Josh Cobb, Founder and CEO, Jefferson Communications

“My view is transform or die. The communications industry is changing faster than most business leaders can track, and margins are being squeezed as a result. As a corporate communications agency delivering public relations and public affairs in the City of London, we’re trying to integrate AI tools into our workflows wherever possible to improve our efficiency, while ensuring the quality and consistency of our work remains outstanding.
“We’ve experienced subscription creep as we trial and test new tools, some barely used if they don’t suit our ways of working, but overall there’s a clear net benefit in productivity that the costs, even when creeping up, are worth it. We experienced a significant disruption when migrating our main AI system from one provider to another, which wasn’t quick or easy, but now we’re in an integrated suite which increases the team’s productivity far beyond the costs of the service provision.

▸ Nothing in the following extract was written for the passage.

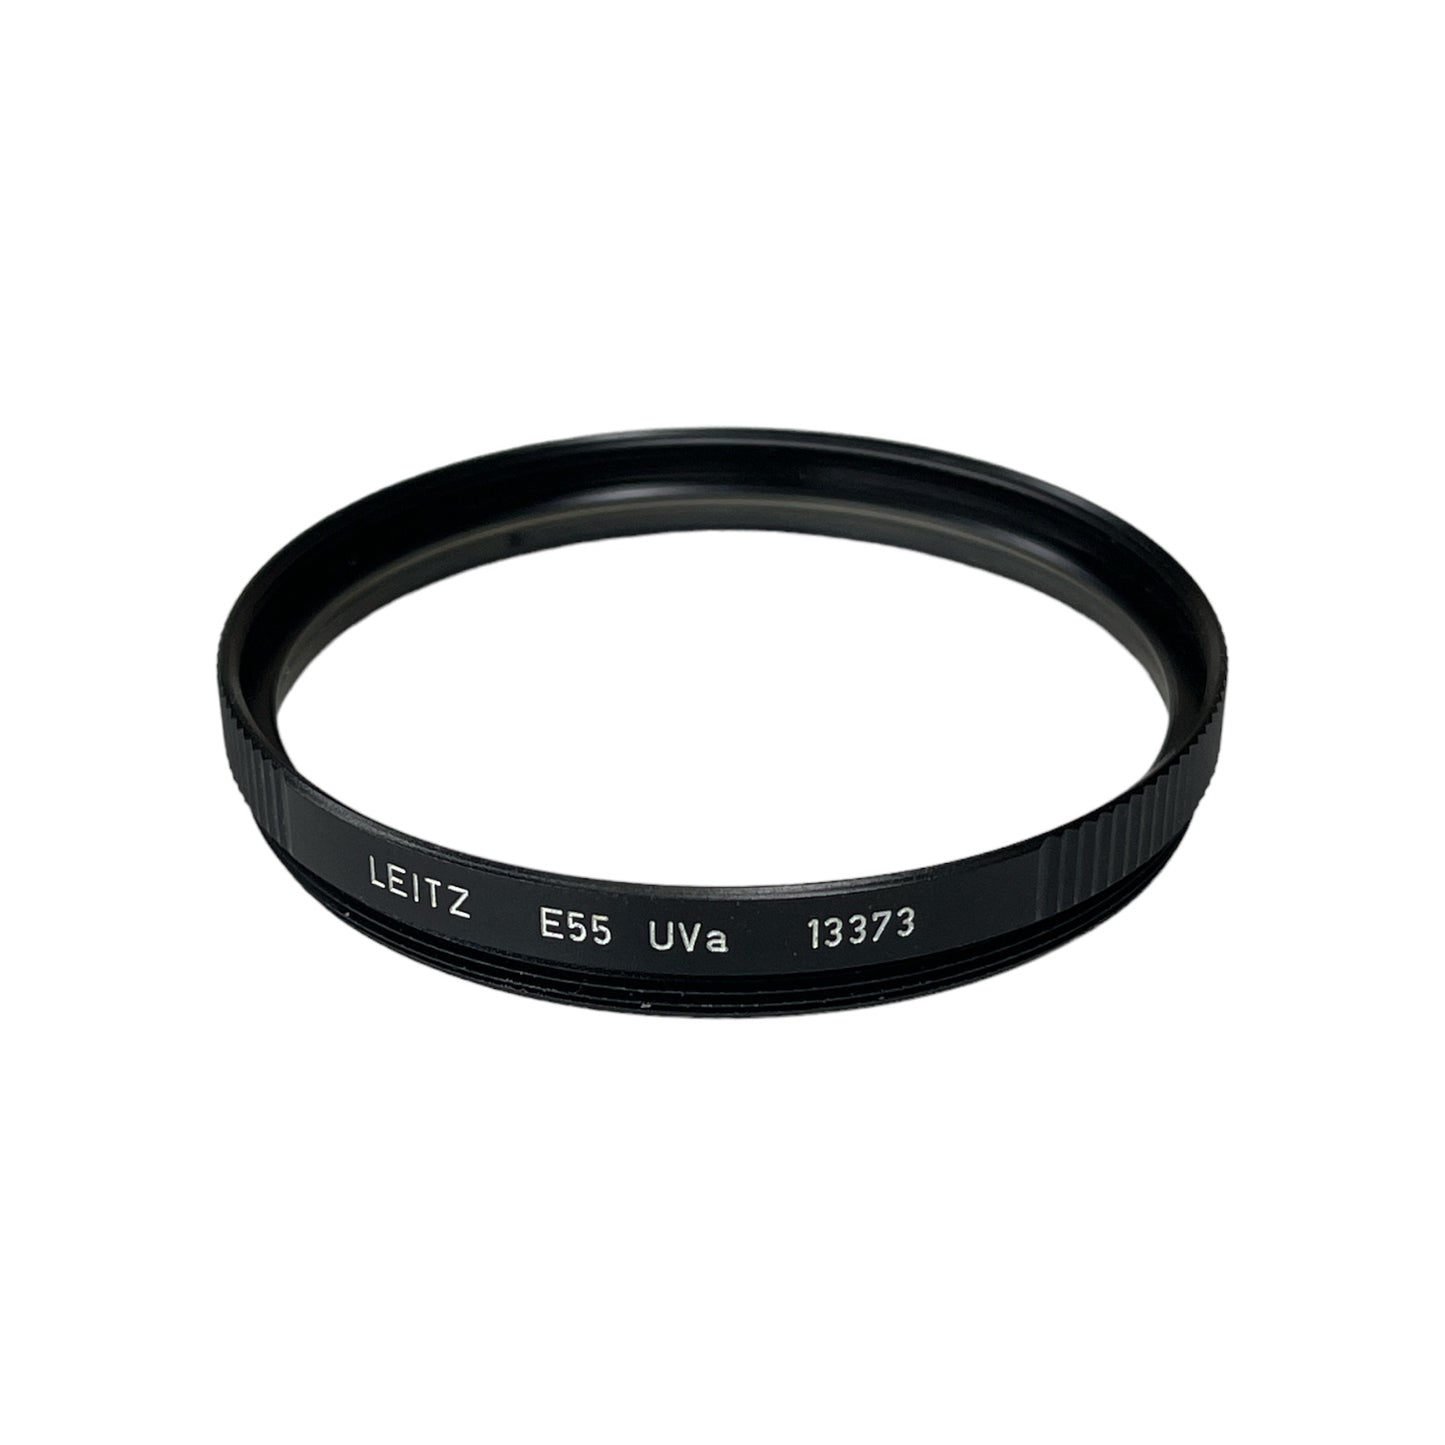 Leica E55 UVa Filter 13373
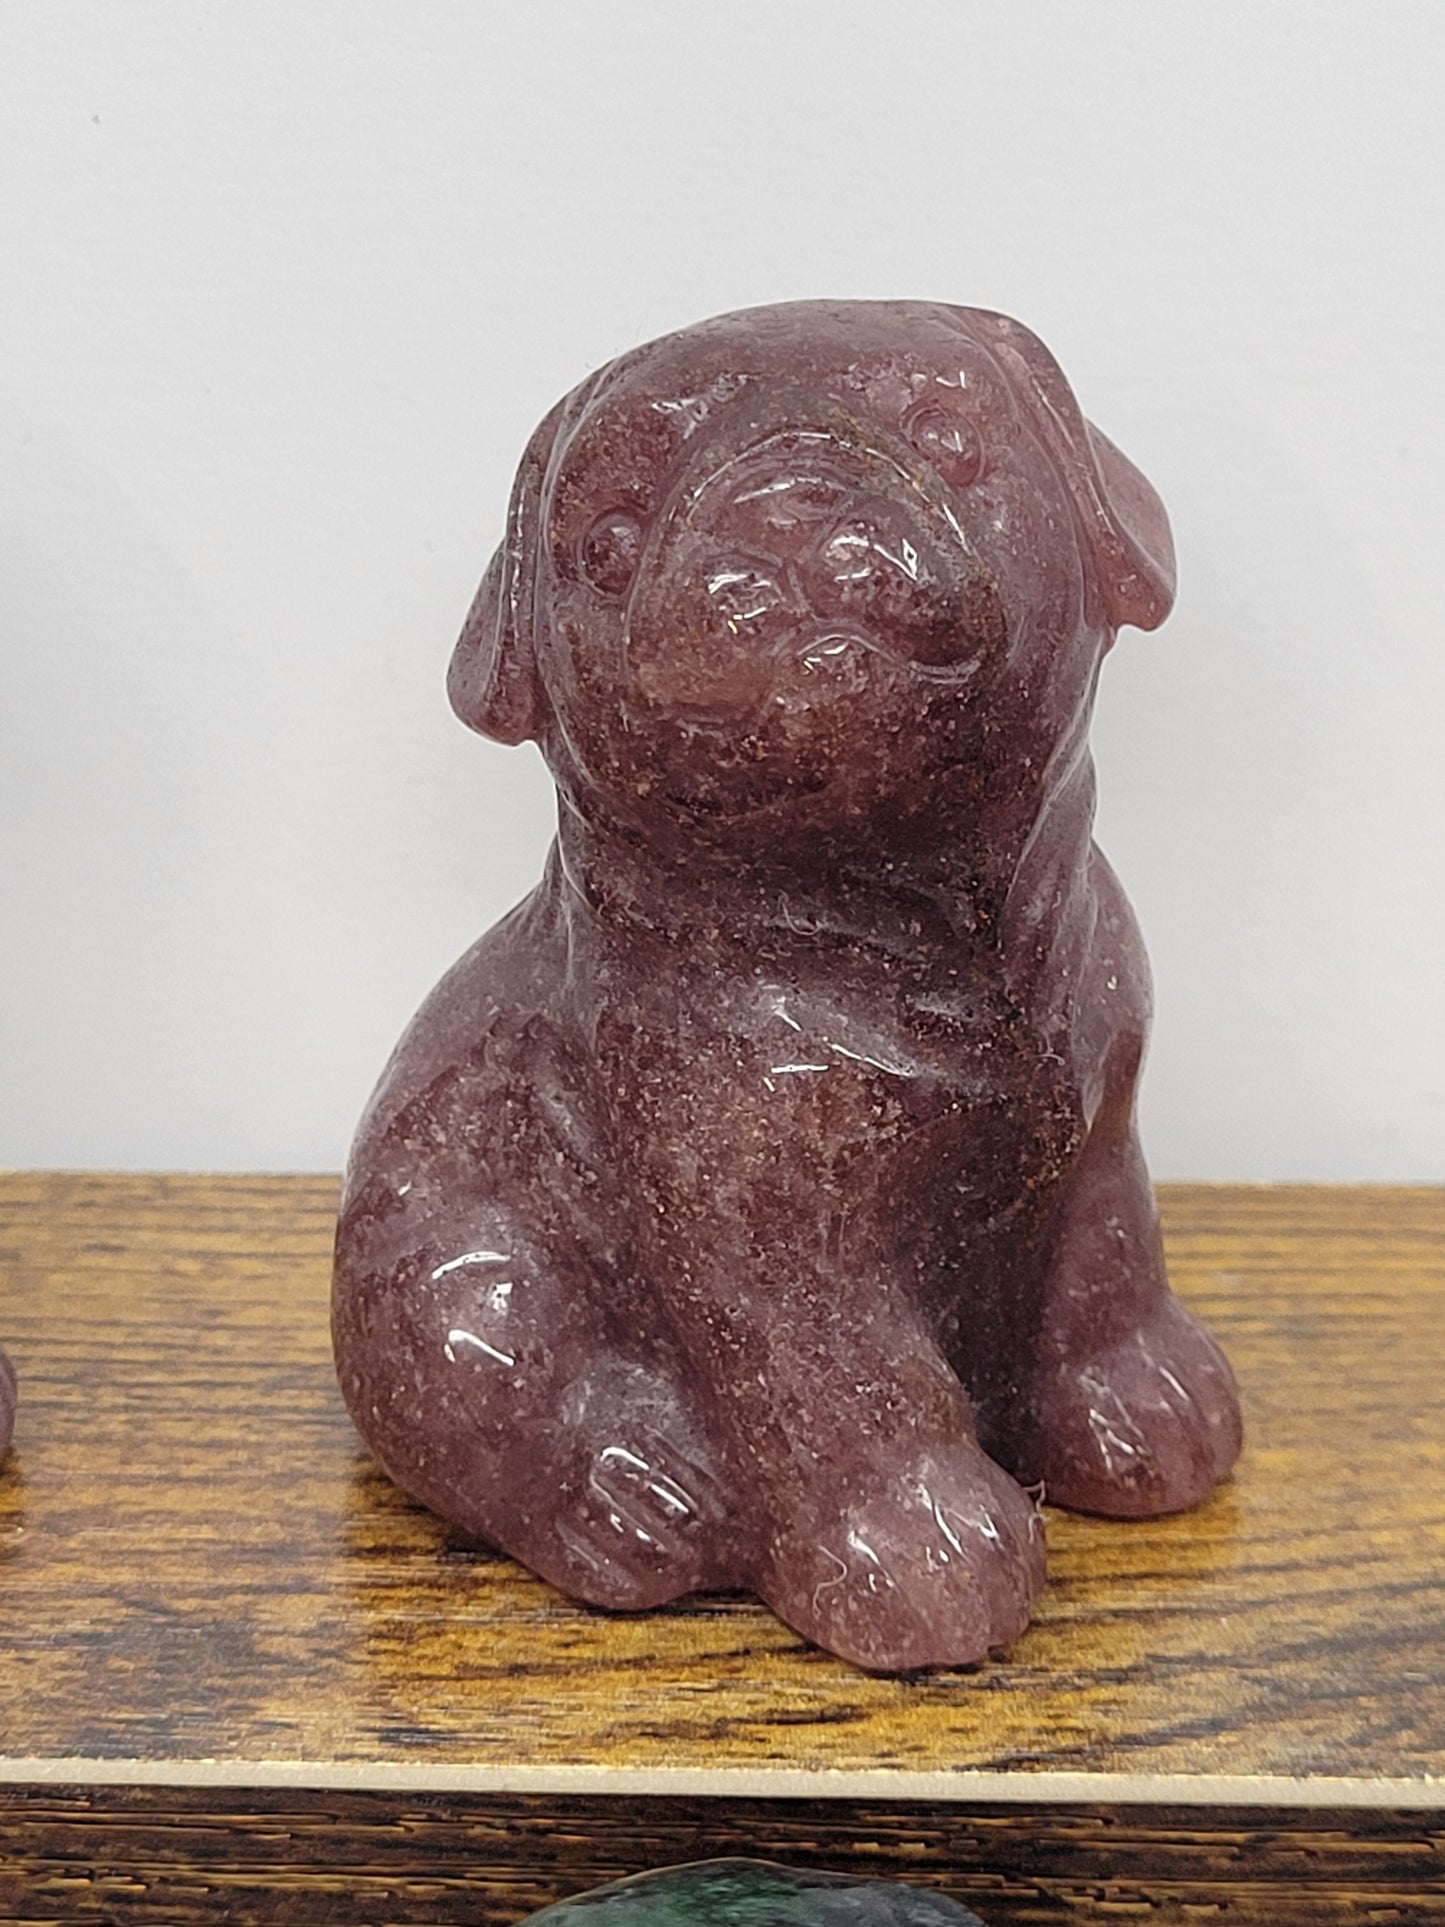 Dog carving - Pug

“Importantly, the more AI-generated content that floods the market, the more our clients value a human-first strategy and writing, even if that writing is supported by AI research. Rely too heavily on AI for content and you lose the ability to think and work strategically, which is what clients pay us for.”
Simon Bocca, CEO and Founder, PayCaptain

“It’s important to recognise that for SMEs, it’s not just about explicit credit-card-linked AI spend on LLM tools, but also about utilising AI in operational functions to achieve better efficiency and improve margins. At PayCaptain, our payroll technology uses both AI and automation functionality to help hundreds of SME payroll teams ensure payslips are accurate and compliant while saving significant time every month on manual input, error checking and corrections.
“AI doesn’t run payroll, but it can check for mistakes and anomalies before payslips are used, protecting employees from incorrect pay and employers from compliance breaches. This enables payroll teams to focus on strategic and employee-facing work, which is better for everyone, both from a culture and cost perspective. It’s a good example of how AI tools can empower ambitious SMEs on their growth journey without adding cost. Every SME will already be using multiple operational solutions across different parts of the business.”